Metabolite	Threshold	Low	High
GDP-L-fucose	16.5	12.1	21.2
Holo-[citrate (pro-3S)-lyase]	12.7	1.8	23.4
N,N’-Diacetyllegionaminate	12.1	5.4	22
alpha-Oxo-benzeneacetic acid	11.8	1.9	23.4
Oxalyl-CoA	11.3	2	22.4
S-Methyl-5-thio-D-ribose 1-phosphate	11.2	1.3	30.6
Malonyl-CoA	10.6	2.5	26.3
1,2-Diacyl-3-alpha-D-glucosyl-sn-glycerol	10.5	5.4	20

Translate Low Metabolites to Probiotics

Many of these metabolites are produced by probiotics, so in terms of highest importance and reasonably available probiotics, I produced the list below.

The top one is one is one that had very dramatic positive effect for me when I relapsed into ME/CFS (after the worse herxheimer reaction that I have ever experienced): Mutaflor (E.Coli Nissle 1917). I took it as a result of a 1999 study in Australia reporting very low levels of E.Coli in CFS patients [As a FYI, 16s tests do a very poor reporting on E.Coli].

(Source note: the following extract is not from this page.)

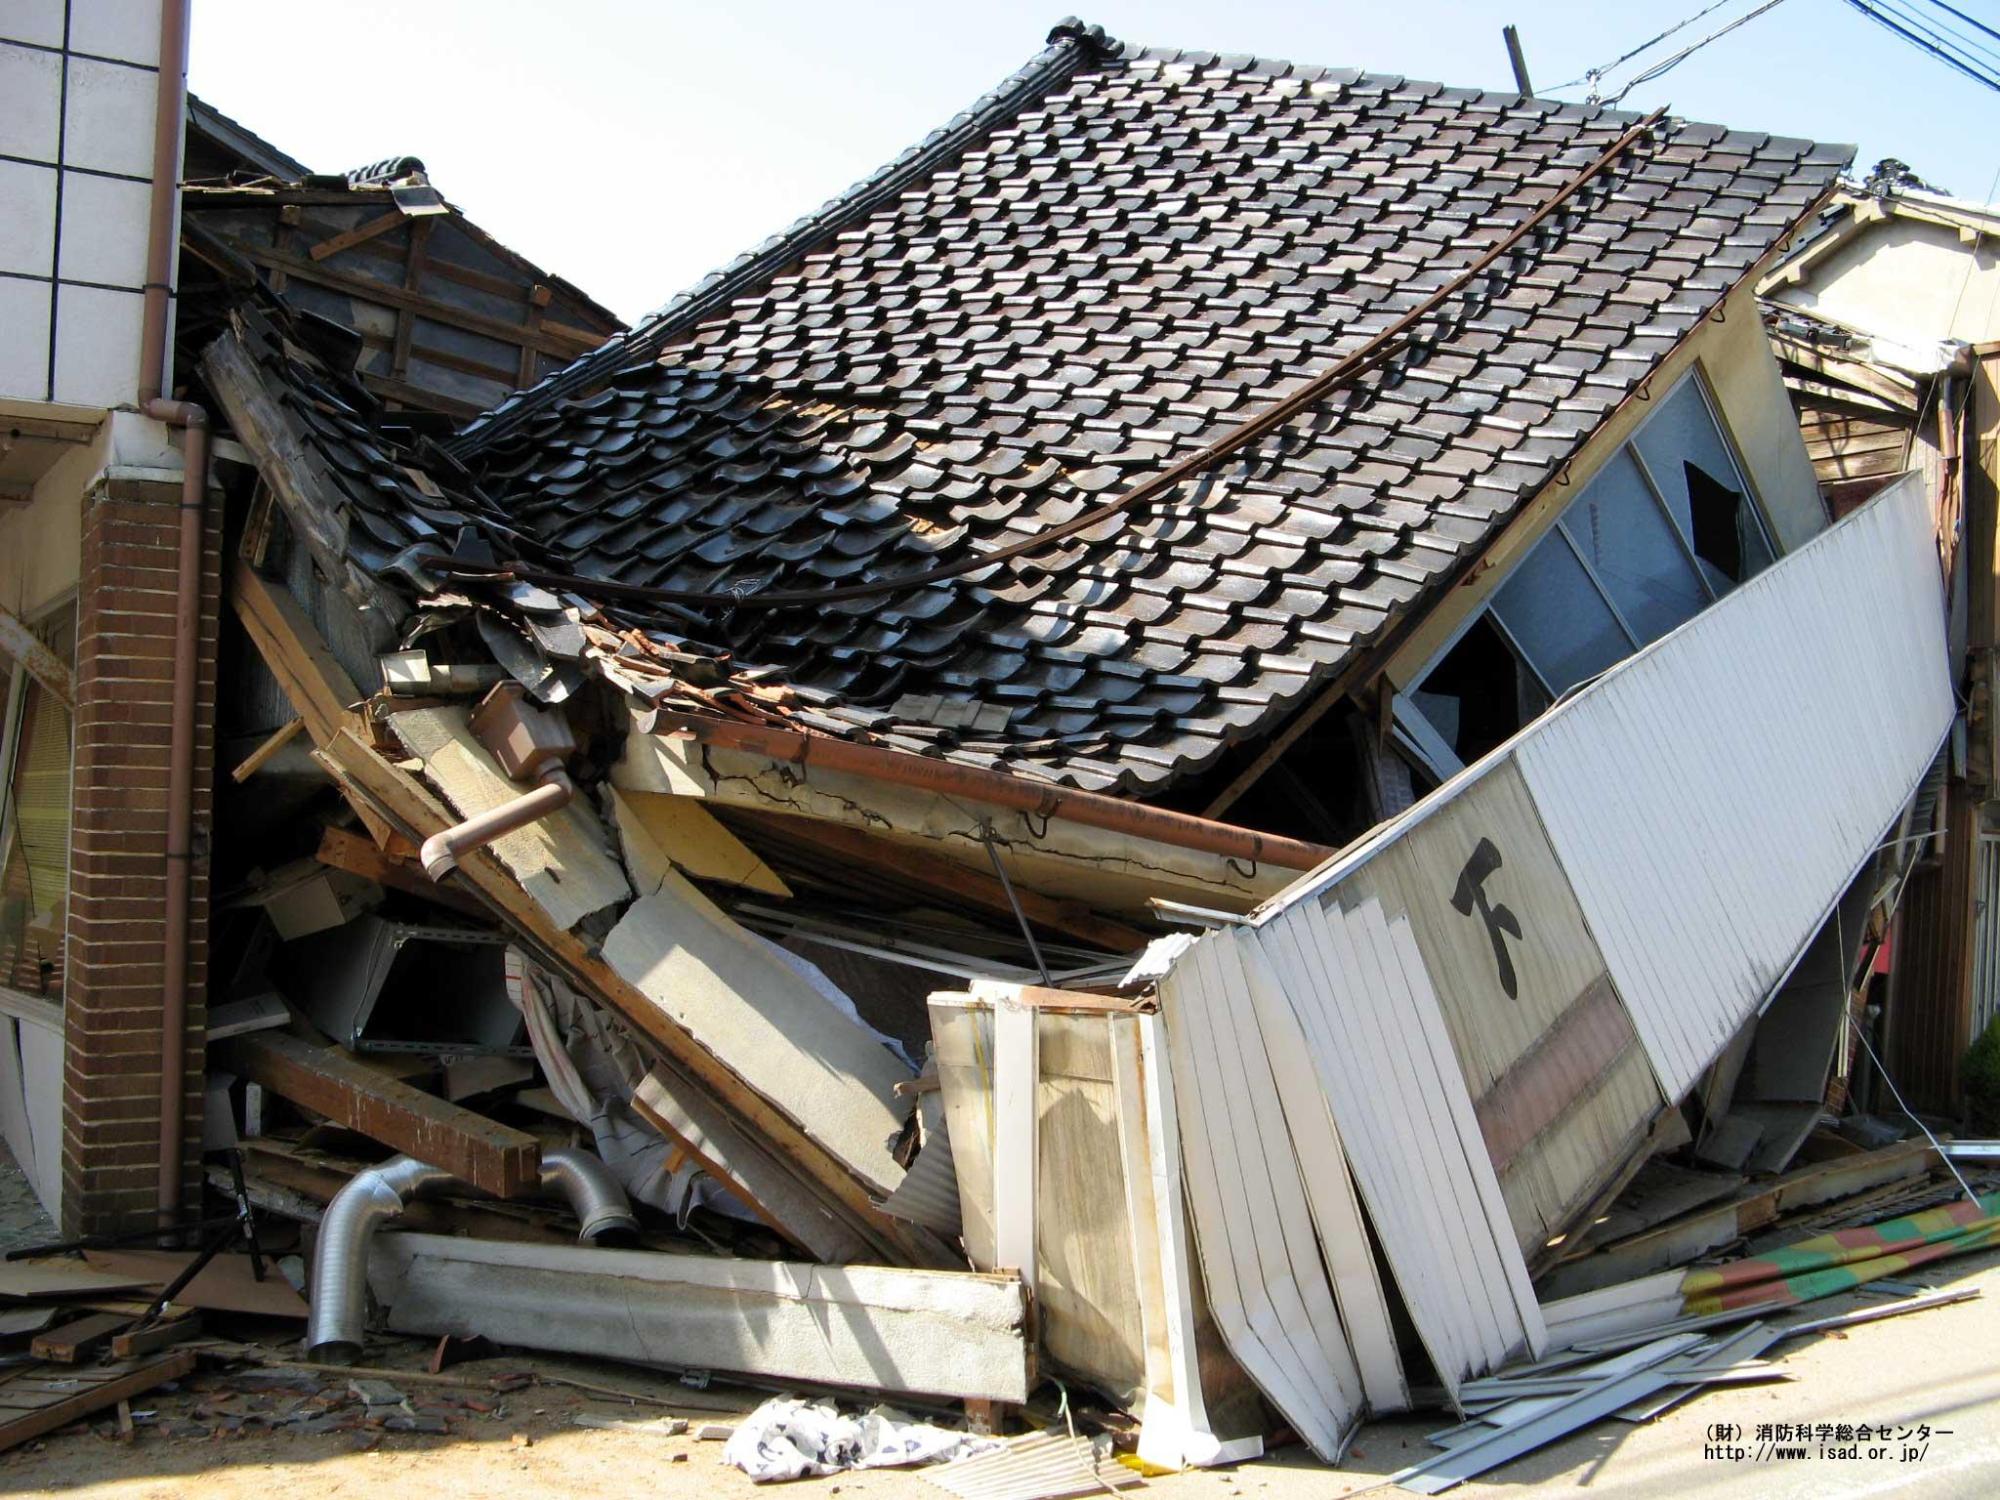 地震により柱が倒れ全壊した家を写した写真

The retail product microbiome labs/ megasporebiotic has several of the next on the list.

1. Escherichia coli (Mutaflor, SymbioFlor-2) : 100%
2. Bacillus thuringiensis: 70%
3. Bacillus licheniformis: 67%
4. Bacillus subtilis: 66%
5. Bacillus subtilis subsp. natto: 67%
6. Clostridium butyricum: 57% of the top
7. Heyndrickxia coagulans (a.k.a. Bacillus coagulans): 65%
8. Lactiplantibacillus plantarum: 59%
9. Enterococcus faecalis: 57%
10. Akkermansia muciniphila: 54%

I asked perplexity, which foods may increase any of the above metabolites. The following were reported:

• Spinach
• Rhubarb
• Beets
• Nuts
• Chocolate
• Tea
• Wheat bran
• Strawberries

Bottom Line

While the metabolite-focused approach provides valuable insights into the biochemical imbalances associated with ME/CFS, its immediate clinical applications are somewhat limited. The probiotics and the food suggestions are reasonable and I see several of the items appearing on suggestions from the expert system for ME/CFS patients.